3.8. Screening of Key mRNA in the Lnc-mi-mRNA Regulatory Network

To identify key nodes in the lnc-mi-mRNA regulatory network, the 110 differential mRNA molecules were subjected to protein–protein interaction (PPI) network analysis. This analysis resulted in the inclusion of 63 molecules and 73 interaction edges (Figure 6A). Three algorithms, namely degree, betweenness, and closeness, were utilized to identify the top 10 molecules based on their network properties (Figure 6B–D). The intersection of the molecules identified by these three methods led to the selection of Grin1, Dnm1, Bcl2l1, Bdnf, Park7, and Kdr as key molecules. Among these key molecules, Bdnf, Grin1, Park7, and Bcl2l1 were considered critical for further validation as enriched in the neurodegeneration multiple illness pathways, highlighting their potential role in disease processes. Further investigation and validation of these molecules could provide valuable insights into the underlying mechanisms influenced by the lncRNA-mediated regulatory network.

3.9. Validation of ceRNA Regulatory Networks

3.9.1. Validation Results of mRNA

The expression levels of Bdnf, Grin1, Park7, and Bcl2l1 were assessed using real-time quantitative PCR in hippocampal tissues from six randomly selected rats in each group. Compared to the control group, all four molecules showed a declining trend in the arsenic-exposed groups.

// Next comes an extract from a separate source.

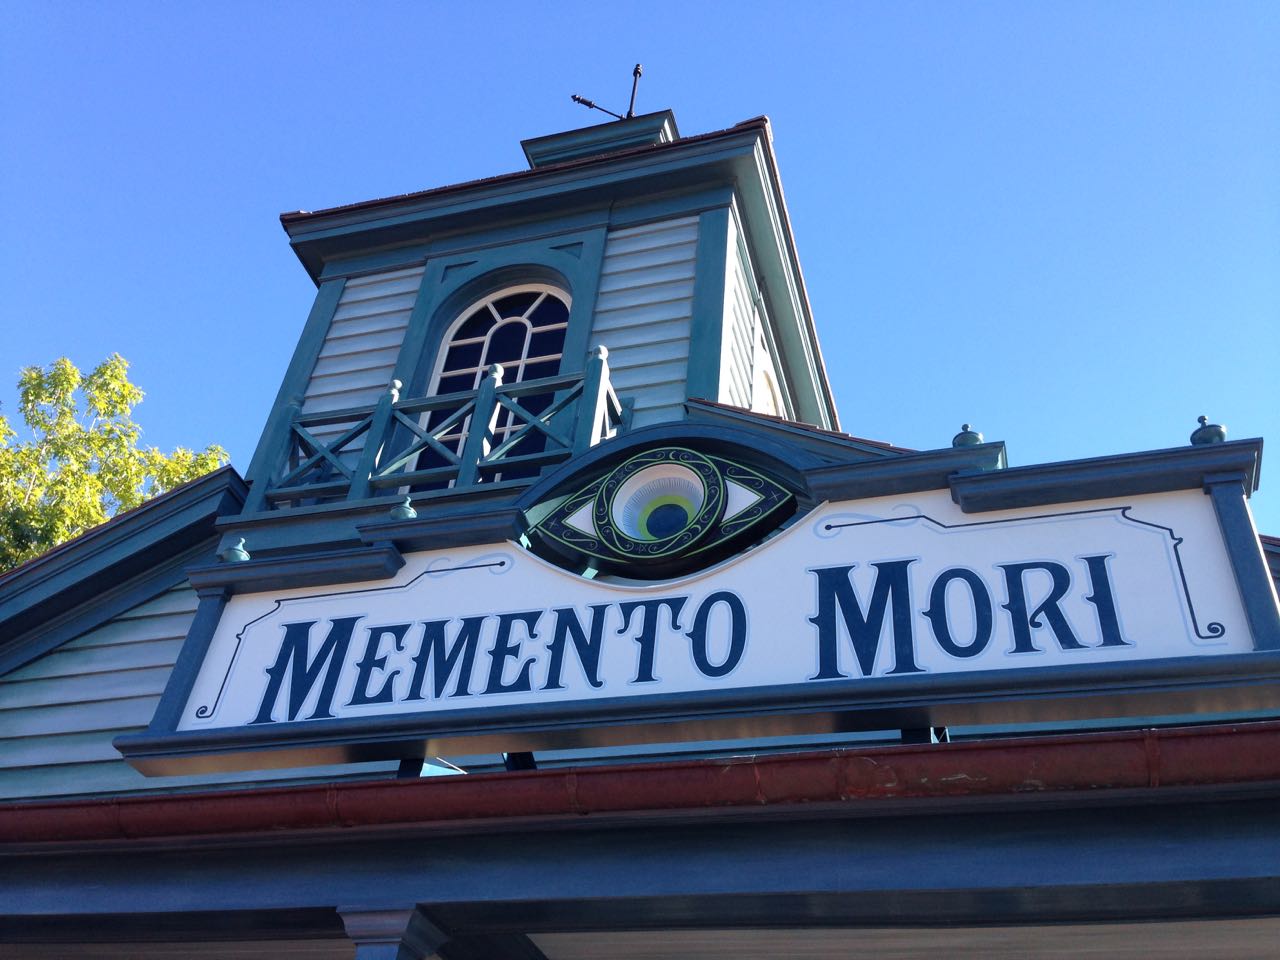 The Magic Kingdom’s Memento Mori

However, statistical analysis revealed that only the expressions of Bdnf and Grin1 exhibited significant differences (Figure 7A–D). Specifically, the expression of Bdnf showed the most significant decrease, and a dose-dependent relationship was observed. Accordingly, a ceRNA network diagram was constructed with Bdnf as the central axis (Figure 7E).

3.9.2. Validation Results of miRNA

From the ceRNA network constructed with Bdnf as the central axis, six miRNAs with a high association strength were identified. Among them, the scores of miR-206-3p and miR-151-5p in the miRDB database were both higher than 80, and the sum of their scores in the targetscan database was smaller (low scores represent better-targeting relationships). This suggested a potential targeting relationship between Bdnf and miR-206-3p, as well as miR-151-5p. To further investigate, the expression levels of miR-206-3p and miR-151-5p were measured. The results revealed a significant upregulation of miR-206-3p in the arsenic-exposed group, with a statistically significant difference (p < 0.05, Figure 7F,G).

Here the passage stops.